Несокрытость указывает на «противоположность» сокрытости. Обычно о противоположности истине говорят как о не-истине в смысле ложности. В западноевропейском мышлении и сказывании, в том числе и в поэзии, такая противоположность обнаруживается довольно рано, однако после того, что мы сказали об истине как несокрытости, не стоит слишком скоро привносить позднейшие понятия ложного и ложности в ранние «представления». С другой стороны, мы только тогда сможем в достаточной мере осмыслить ранние значения «ложного» как противоположности истинному, когда осмыслим истинное в его истине, то есть осмыслим несокрытость. Однако эта несокрытость (ἀλήθεια), в свою очередь, в достаточной мере улавливается только в ракурсе противоположной ей сущности, то есть в ракурсе не-истины и в данном случае — ложности, причем улавливается в той сфере сущностного опыта, которую намечает сама ἀλήθεια. Отсюда становится ясно, что мы никогда не можем мыслить порознь «истинное» и «ложное», «истину» и «ложность» и тем более обособленно мыслить истину как «несокрытость», ибо в самом ее именовании как «несокрытости» уже обнаруживается связь с «сокрытостью». Таким образом, если в раннем мышлении ложность, помимо прочего, уже выступает как противоположность истине в смысле несокрытости, тогда сущность этой ложности как противоположности несокрытости должна являть собой нечто похожее на сокрытость. Если несокрытость накладывает свой отпечаток на существо истины, тогда нам надо попытаться понять ложность как сокрытость.

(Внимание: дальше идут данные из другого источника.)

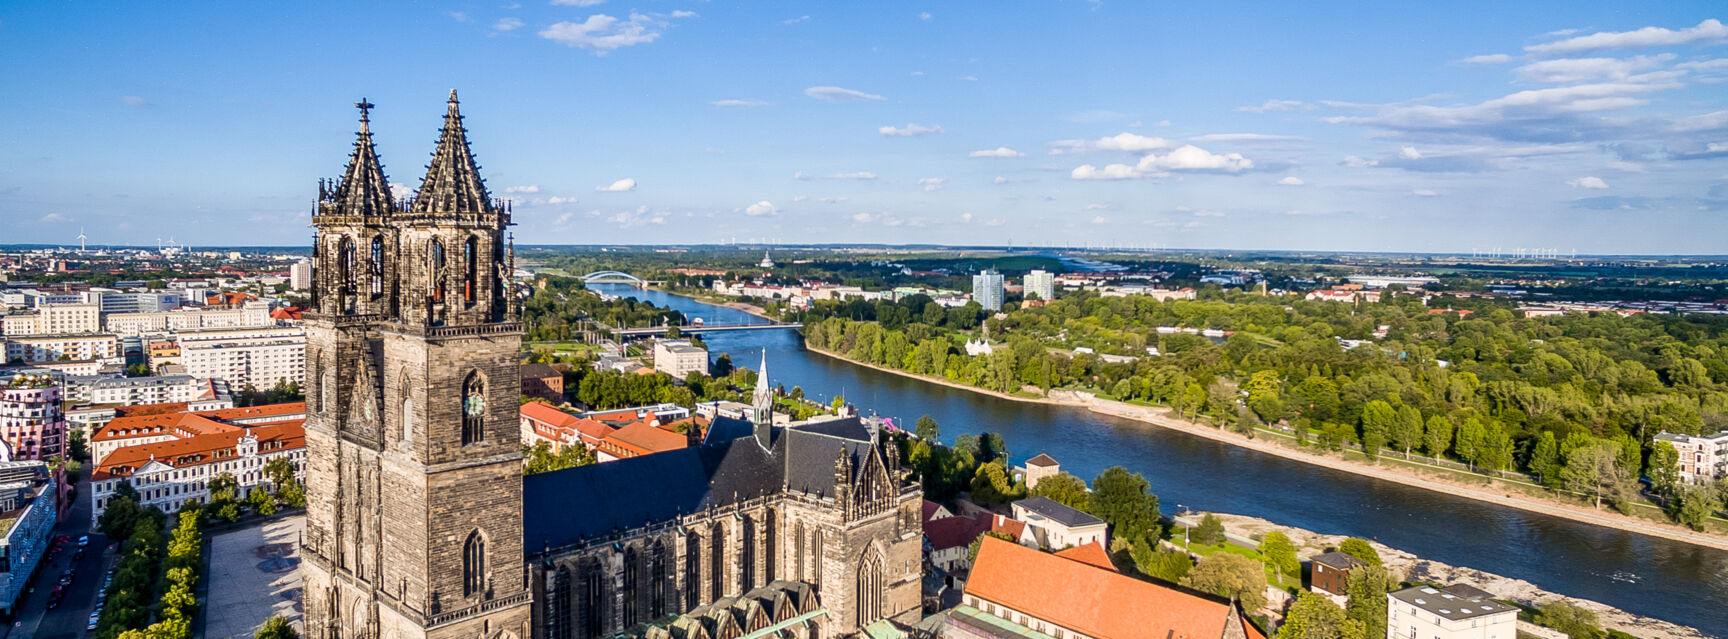 Magdeburg an der Elbe © Andreas Lander

b) Вопрос о сущности, противоположной сущности ἀληθές.
Отсутствие слова ληθές и наличие слова ψεΰδος.
Прикровенность основных, значений.
Антоним λαθόν и по-гречески осмысленное λανθάνομαι.
Забвение, постигнутое в ракурсе сокрытия.
Гомер, «Илиада», XVIII, 46; X, 22.
«Одиссея», VIII, 93
Итак, следуя этому указанию, мы прежде всего должны спросить, как звучит слово, которым обозначается сущность, противоположная сущности ἀλήθεια. Τò ἀληθές переводится как «истинное», но в соответствии с истолкованием ἀλήθεια как несокрытости данное τò ἀληθές означает «несокрытое». Однако до тех пор, пока не ясно, как именно следует мыслить «несокрытость», переводить τò ἀληθές как «несокрытое» надо с большими оговорками. Противоположность «несокрытому», а именно «сокрытое» как именование появляется легко: достаточно отбросить α-privativum, упразднить устранение сокрытого и дать возможность существовать ему самому, «сокрытому». Если иметь в виду буквальное написание, то, отбросив упомянутую привативную альфу, мы получаем ληθές, однако все дело в том, что нигде нельзя найти это слово как обозначение ложного. Более того, у греков ложное обозначается другим словом — τò ψεΰδος. У него совсем иное происхождение, другой корень и к тому же другое основное значение, которое сразу не определить. Если в корне «λαθ» слышится «сокрытие», то ψεΰδος такого сокрытия не подразумевает, по крайней мере, сразу оно не выступает на первый план. Хочется вспомнить о том, что и в нашем языке антоним к слову «истина» (Wahrheit), а именно «ложность» (Falschheit), тоже выглядит по-своему, хотя можно предположить, что греческие антонимы ἀλήθεια — ψεΰδος по смыслу ближе друг другу, чем соответствующие немецкие. Возможно, начав осмыслять природу ἀλήθεια в контексте уже упомянутого нами ψεΰδος, мы поймем его, то есть ψεΰδος, более точно, а тот факт, что именно ψεΰδος остается распространенным антонимом к ἀλήθεια, даст нам определенные намеки на то, как понимать саму ἀλήθεια.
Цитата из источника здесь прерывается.